Sayles echó a andar hacia Graves, hasta situarse a su espalda.

Graves señaló una línea de texto en la pantalla:

—Esto es de Lock & Load, que es básicamente un boletín para mercenarios. Seguridad privada, guardaespaldas, cosas así. Y esto, esto y esto —levantó la vista hacia Sayles— son tablones de mensajes de fuera de la red, de tres sitios diferentes.

Confirme por favor el envío de la muñeca encargada el 10 de febrero.

Soy un ávido coleccionista y estoy interesado en adquirir una de sus excepcionales muñecas.

Quisiera obtener de usted otra muñeca. Por favor, contácteme lo antes posible.

Infórmeme, por favor, de si todavía tiene muñecas a la venta.

—El primero es de hace un par de años. —Graves hizo algo que cambió la pantalla. Los demás mensajes se oscurecieron, dejando que resaltaran los dos últimos—. Estos fueron enviados a través del mismo servidor, más o menos a la misma hora del día, pero separados por una semana. Espera… Aquí hay un tercero, recién colgado.

Estoy buscando una muñeca especial para una amiga especial.

Graves lo arrastró por la pantalla para situarlo junto a los otros dos, los observó todos unos instantes y luego levantó la vista.

—Están hablando de algo que no son muñecas.

—Esa es también la impresión que yo tengo.

—Todos tienen un estilo similar, podrían ser fácilmente de la misma persona.

—El tono y el emplazamiento sugieren que no conocen al vendedor. Hay un montón de muros entre ellos.

—Y si no se trata de muñecas, ¿qué es lo que vende ese y qué es lo que intentan comprar los otros? —Graves señaló las dos líneas resaltadas—. El que colgó estas, caso de que sea la misma persona, parece algo… ¿ansioso?

—Eso no nos es de mucha ayuda. Ni siquiera sabemos quiénes son.

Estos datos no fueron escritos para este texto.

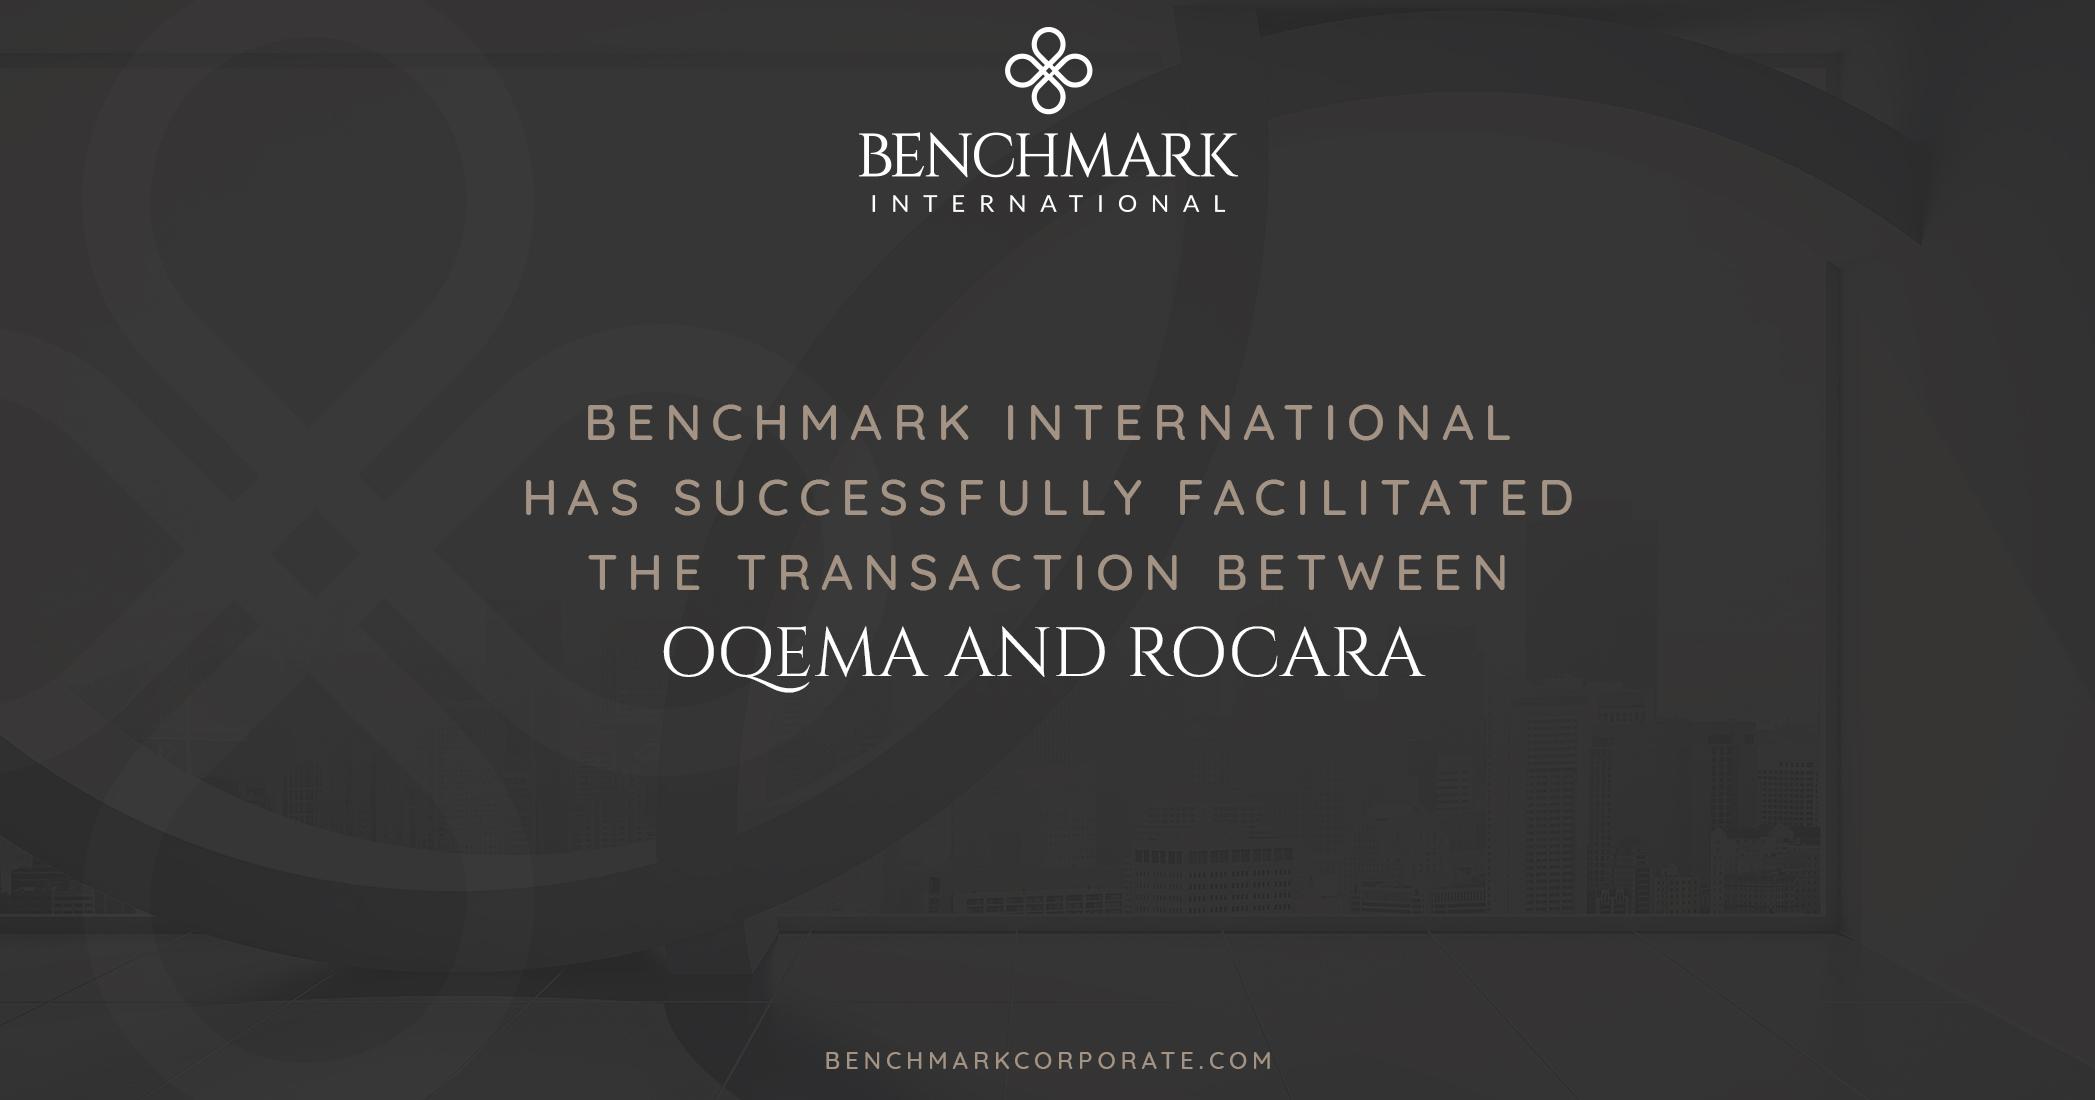 Benchmark International Has Successfully Facilitated the transaction between OQEMA and Rocara

Graves pulsó algunas teclas más.

—Puede ser útil. Están mirando, igual que nosotros. Y no son ellos los que buscamos. —Las pantallas cambiaban una tras otra y enseguida se caían a la parte de abajo—. Eso son anuncios, ¿no? Los sueltas y ya está. Por consiguiente…

Su silla recuperó el movimiento: cuatro centímetros adelante, cuatro centímetros atrás.

—Podemos colocar nuestros propios anuncios.